Former communications minister Faith Muthambi has hit back at the allegations levelled against her by Government Communication and Information System acting chief executive Phumla Williams at the inquiry into state capture.
The former minister indicated that she would seek legal advice over these allegations.
During her testimony at the state capture inquiry, chaired by deputy chief justice Raymond Zondo, Williams, who worked under Muthambi when she was still the minister, said that Muthambi “wanted to steal at all costs” and resorted to taking away key responsibilities from Williams’ role as director-general at the GCIS because she “knew” that Williams would not be a willing participant.
READ: Phumla Williams likens working under Faith Muthambi to “apartheid torture”
Muthambi, in a statement released on Tuesday, alleged that she had experienced Williams’ “modus operandi” for years, and that Williams was “one of the most shameful manipulators and liars that I have ever had the displeasure to encounter”.

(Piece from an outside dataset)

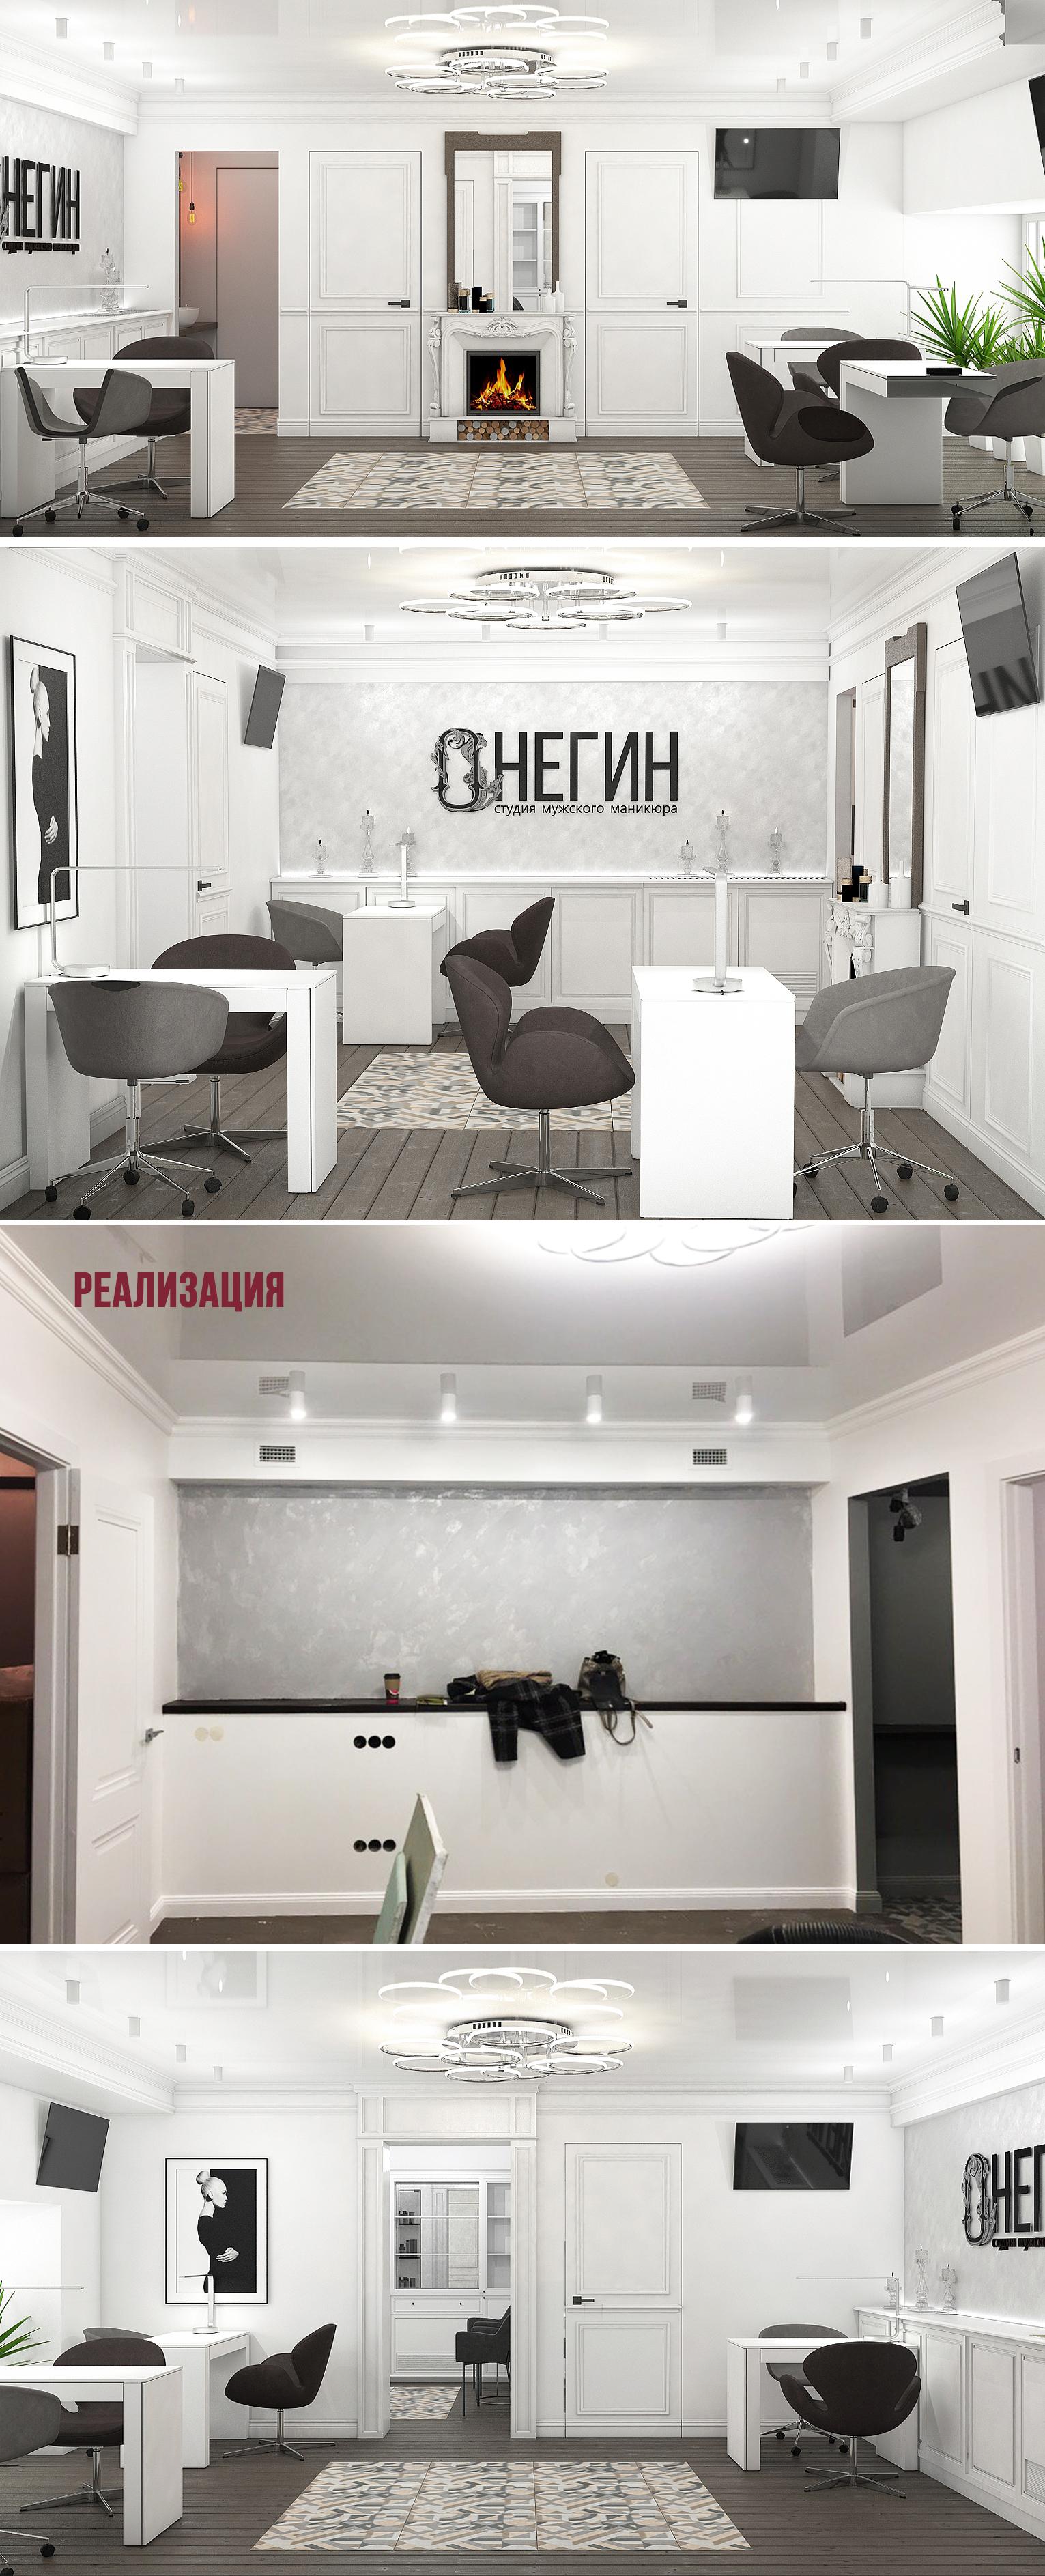 """Проект и реализация студии маникюра """"Онегин"""" (Мск)"""

Likening her experiences working under Muthambi as “apartheid torture”, Williams said that as a result of the stress that she endured working under Muthambi, she had panic attacks and had to move into her sister’s house because she suffered from anxiety and couldn’t sleep.
Muthambi has accused Williams of tarnishing the reputation of the GCIS and that Williams used her experience of torture at the hand of apartheid policemen to manipulate her experiences.
“Her emotional, self-serving outburst, and entirely inappropriate attempt to refer to ordinary managerial and management processes as similar to torture, and her experiences in detention, is so deliberately emotionally manipulative, that it would have been laughable if her intentions in doing so were not so blatantly malicious and informed by an irrational [almost psychotic] hatred for me,” Muthambi said.
Williams was an Umkhonto weSizwe operative during apartheid, and during her testimony, she likened the torture that she underwent under Muthambi’s administration to that of the torture she had undergone as an operative.
“I am seeking legal advice on these extremely one-sided evidence-laced with half-truths and blatant lies that Ms Williams presented to the commission. A very different truth will emerge, and her lies and reactionary agenda will be finally exposed for all to see,” Muthambi said.